Transcribe every line from the one containing "10 Hausmittel Gegen" to the end of the listing, exactly as written, and leave out the pictures.

━━ DATA PROVIDED ━━

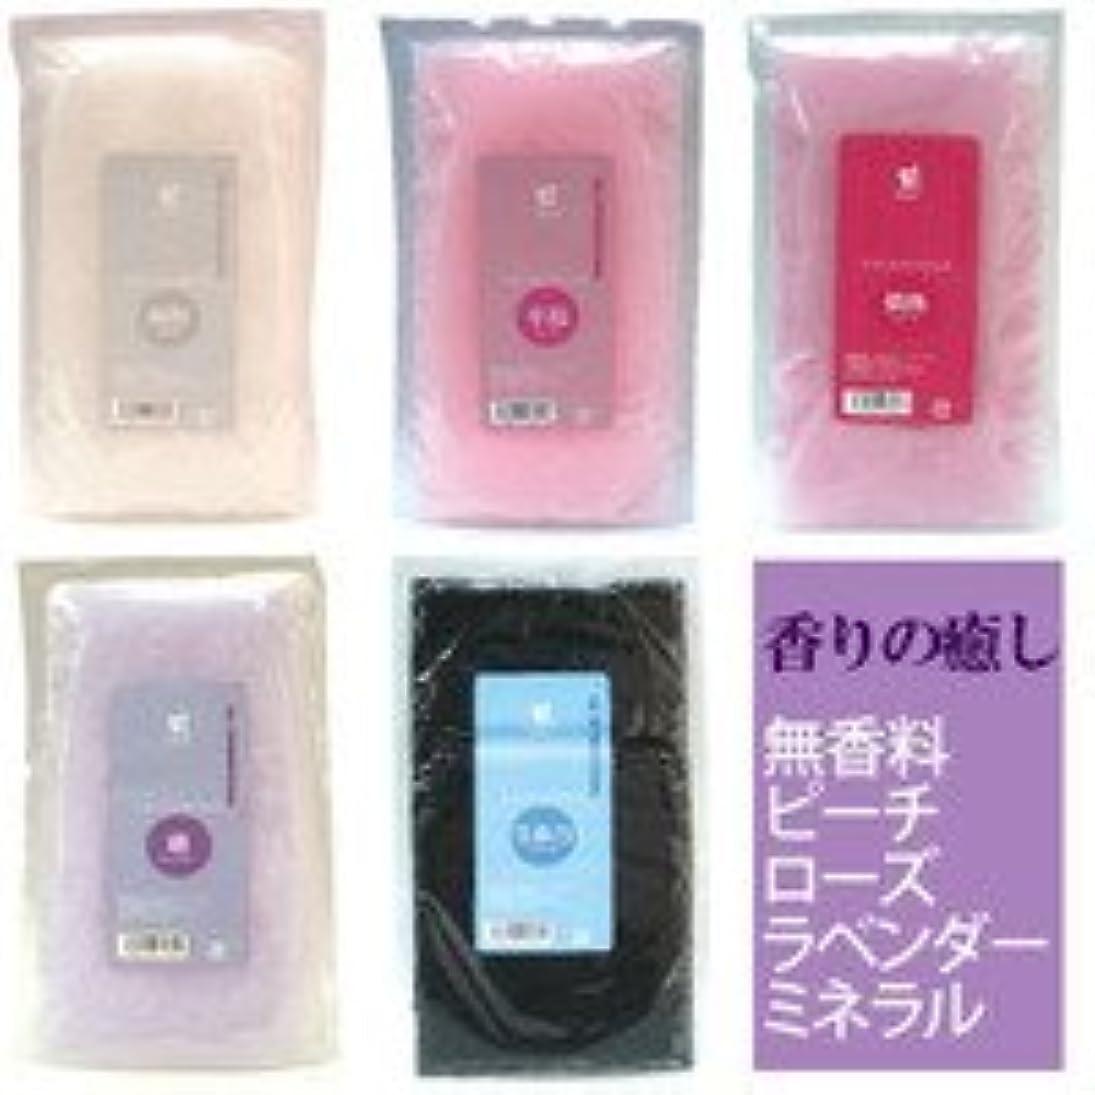 速記消化器高めるパラフィンパック 【トリートメントパック】 450g (情熱(ローズ))
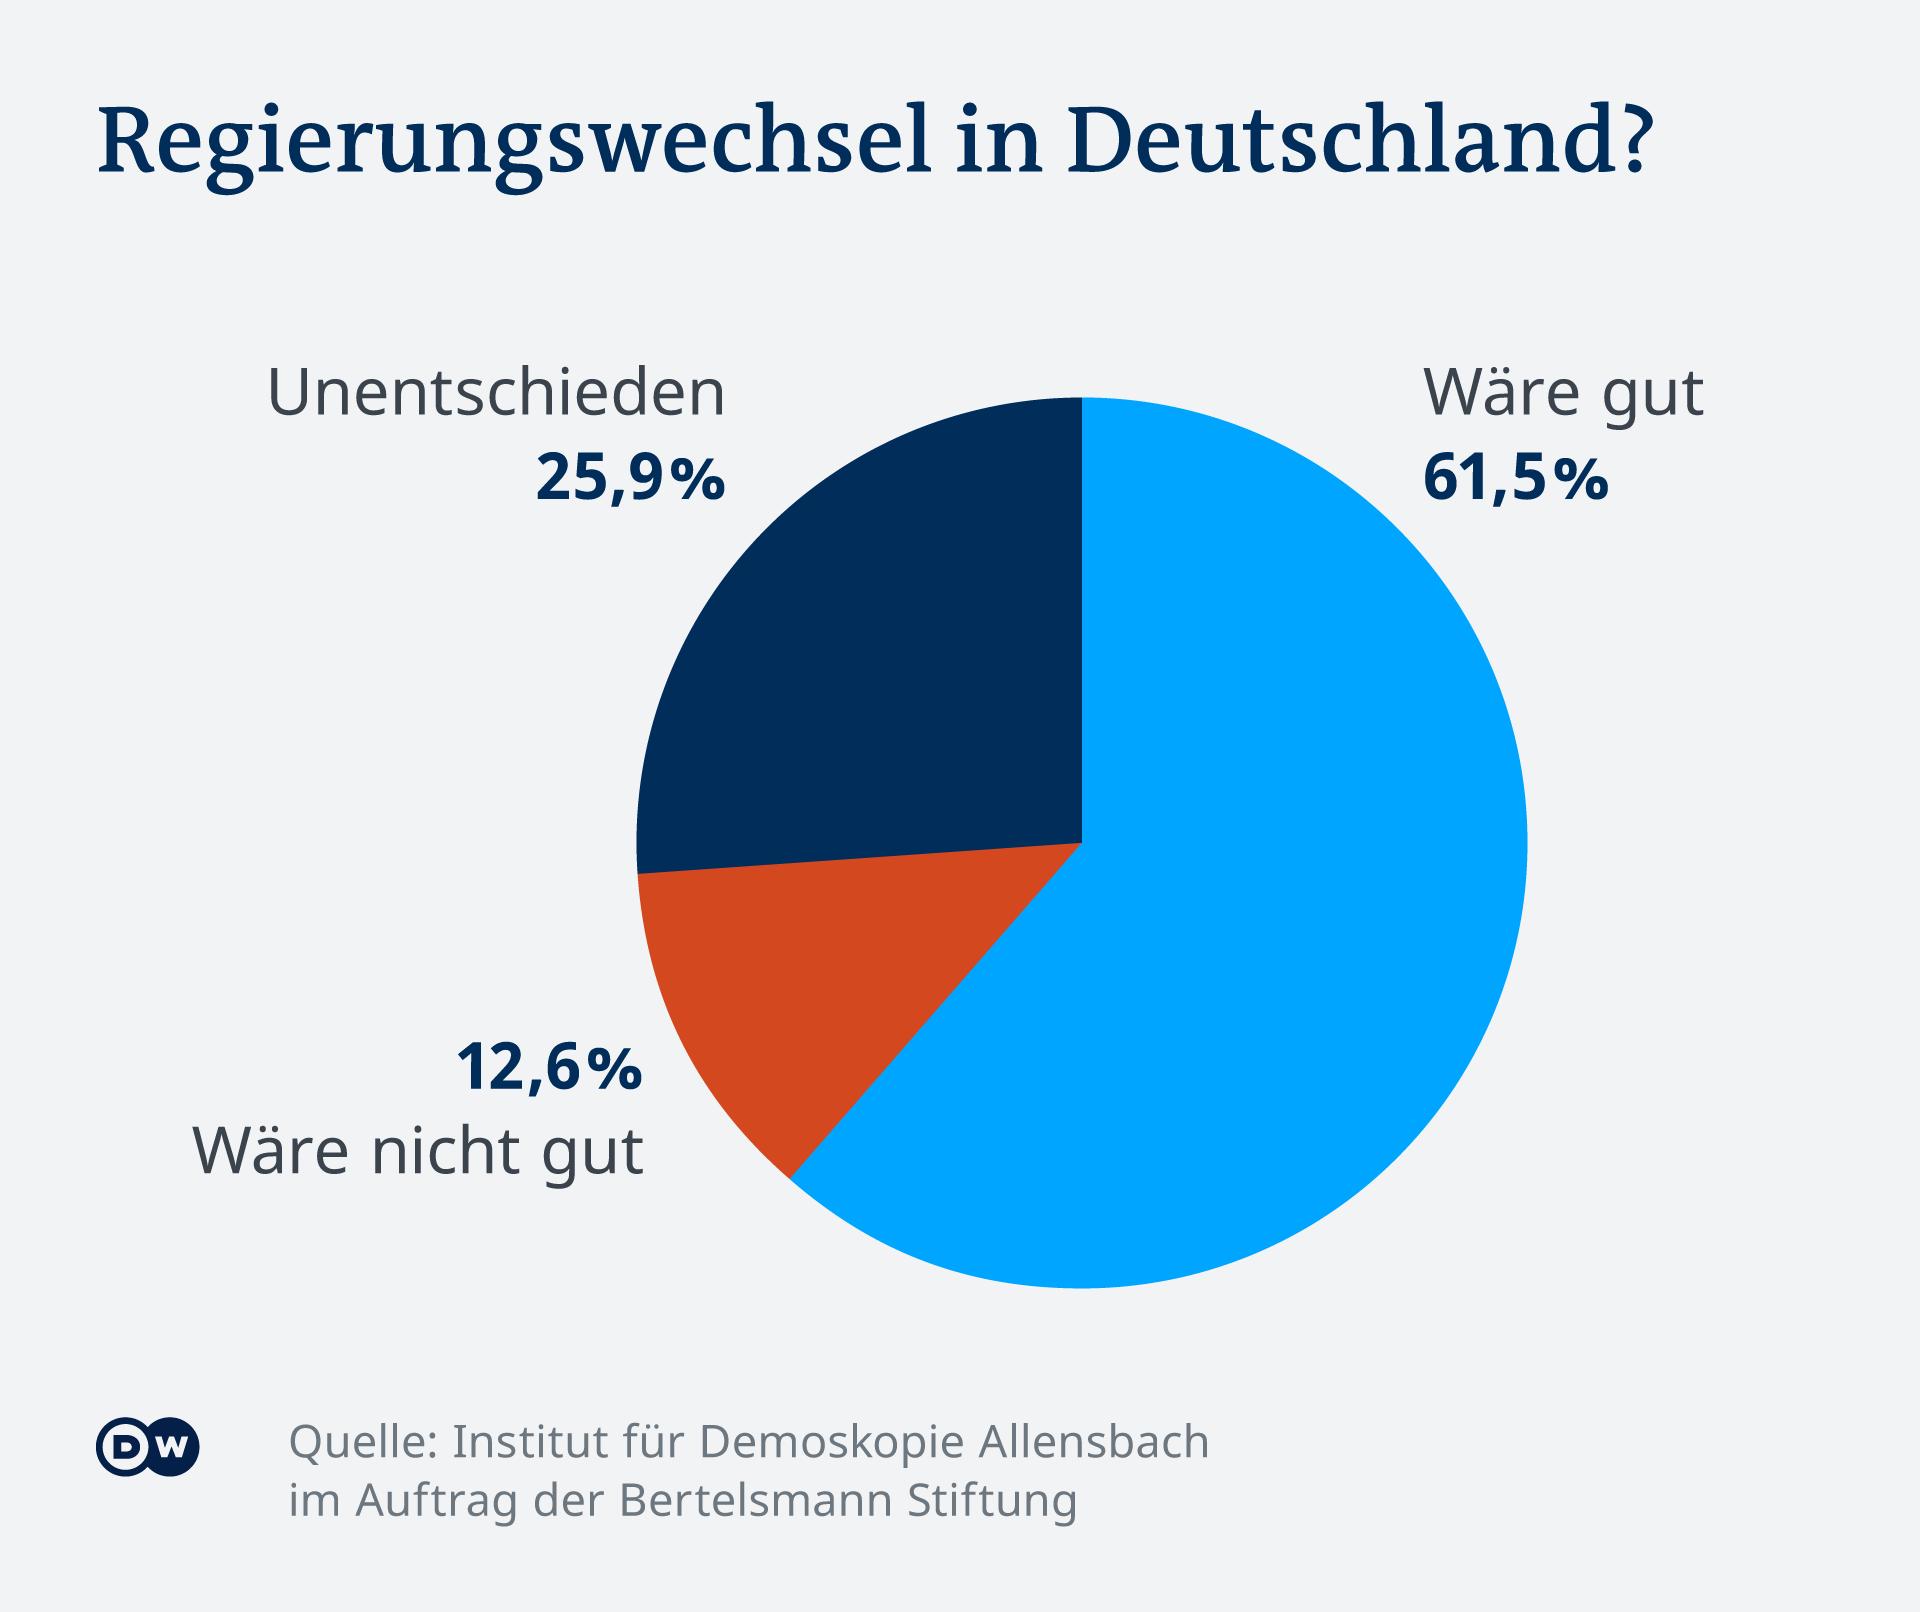 Rezultati ankete o želji za promjenom u Njemačkoj
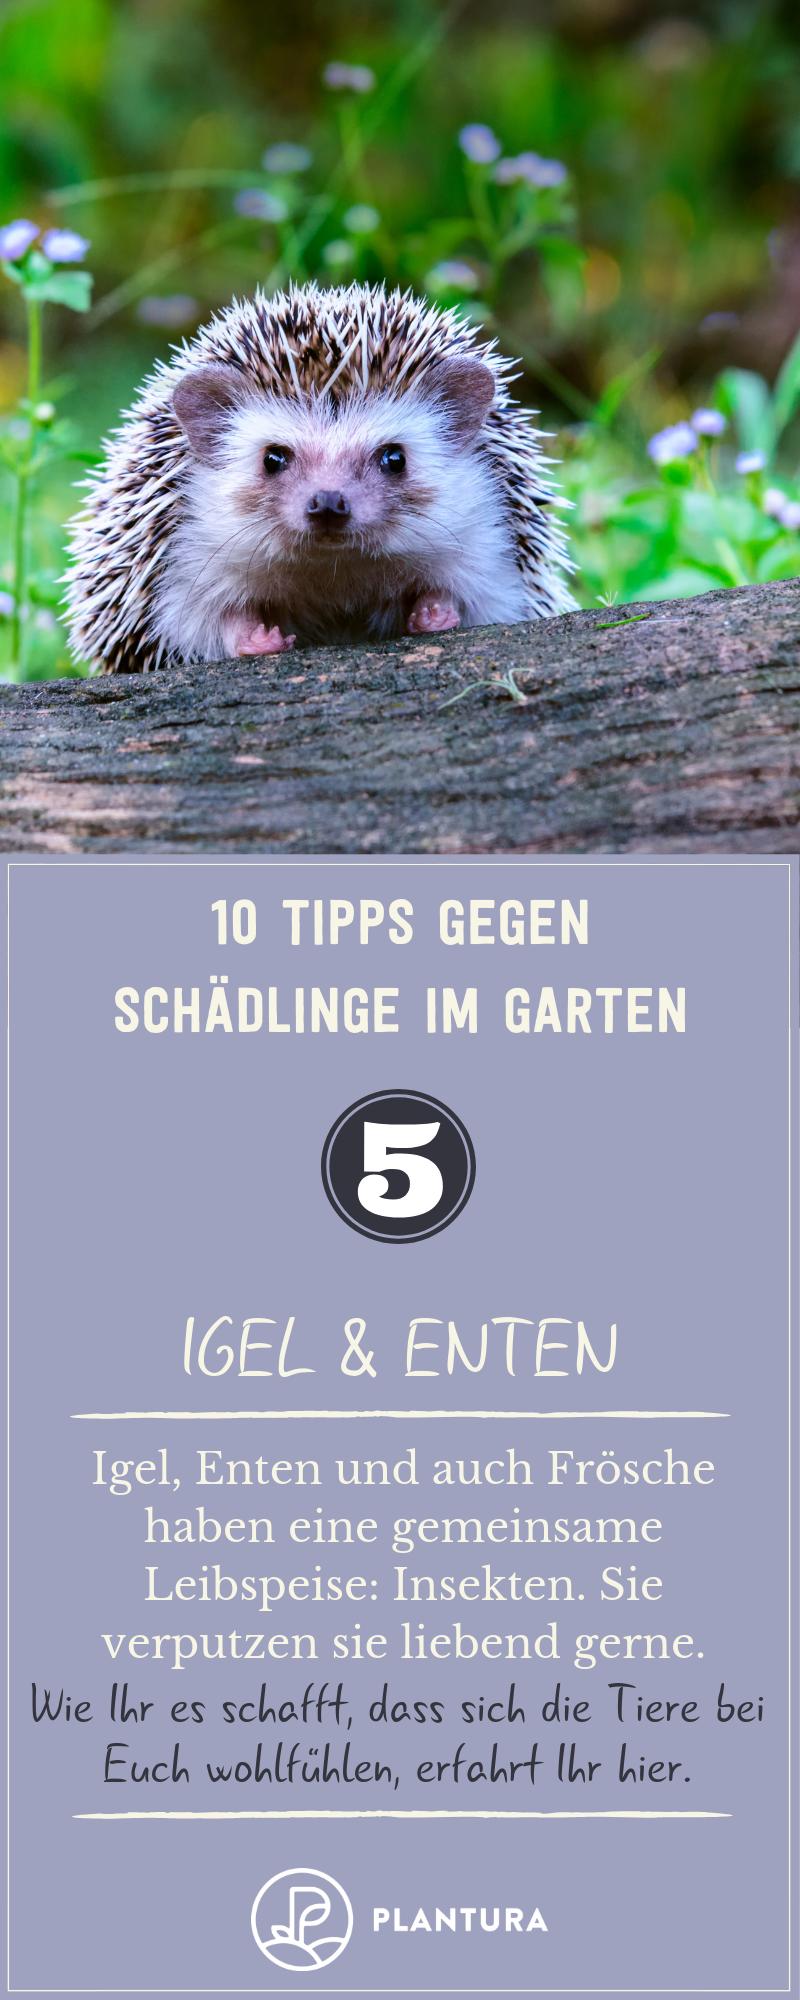 10 Hausmittel Gegen Schädlinge Im Garten Schädlinge Im Garten Ferret
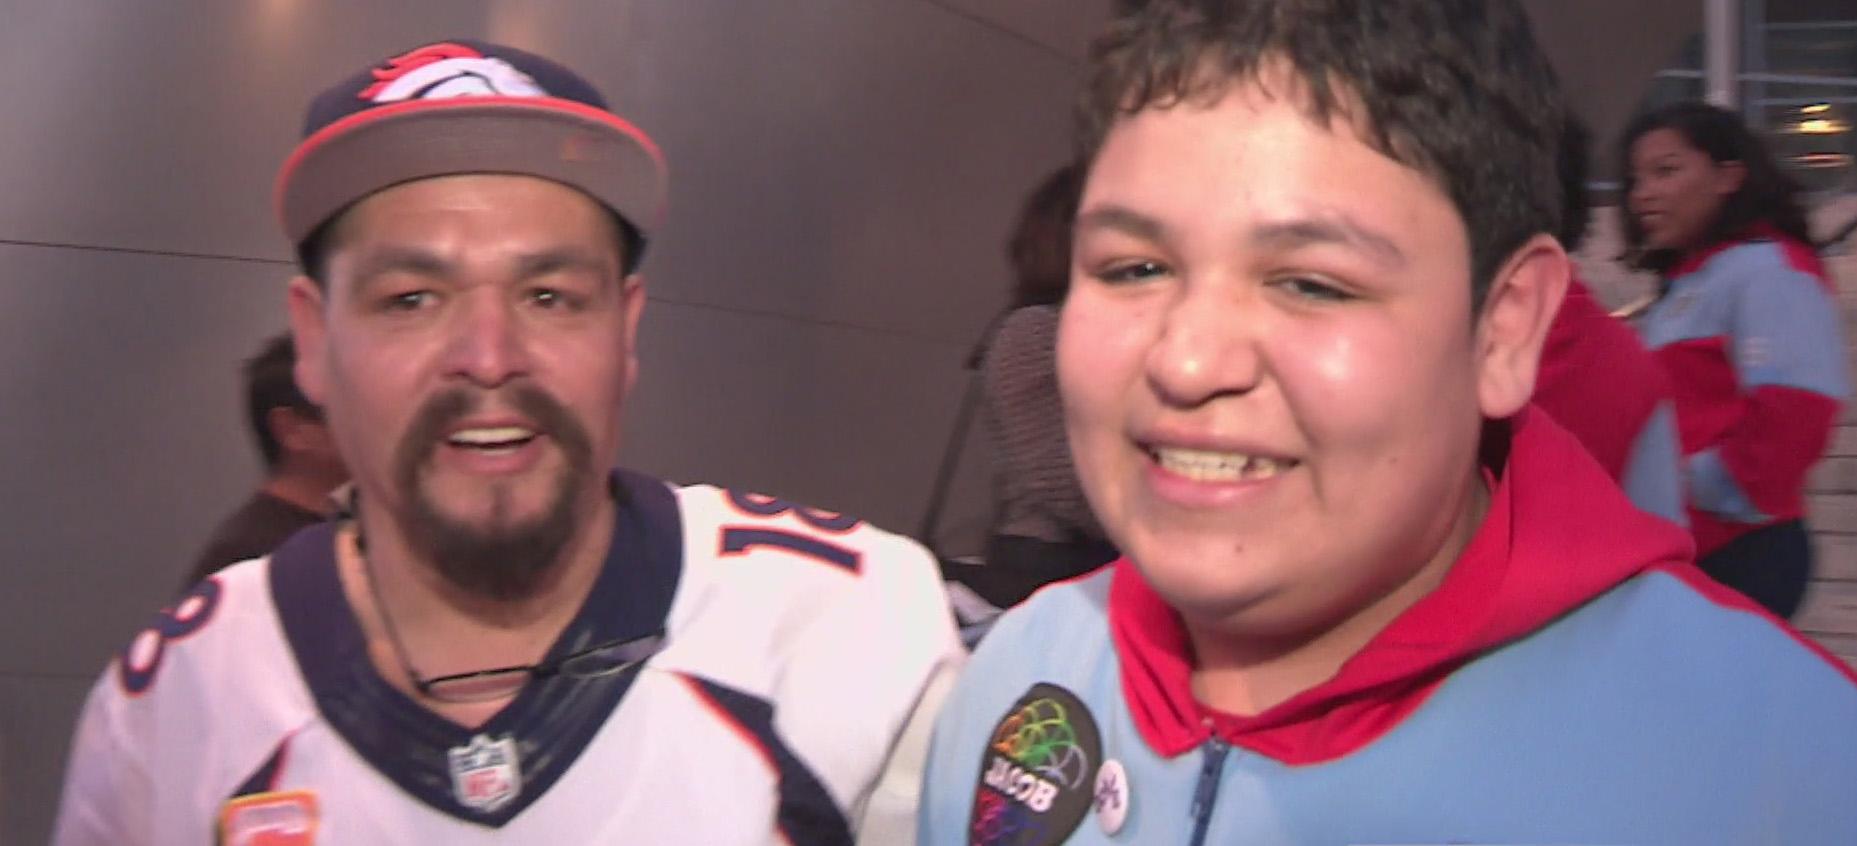 Jacob Molina, violinista de YOLA, junto a su padre Rudy Molina.

━━━

▶ [ANSWER TO THE EXERCISE]:
 10 Hausmittel Gegen Schädlinge Im Garten Schädlinge Im Garten Ferret
 Jacob Molina, violinista de YOLA, junto a su padre Rudy Molina.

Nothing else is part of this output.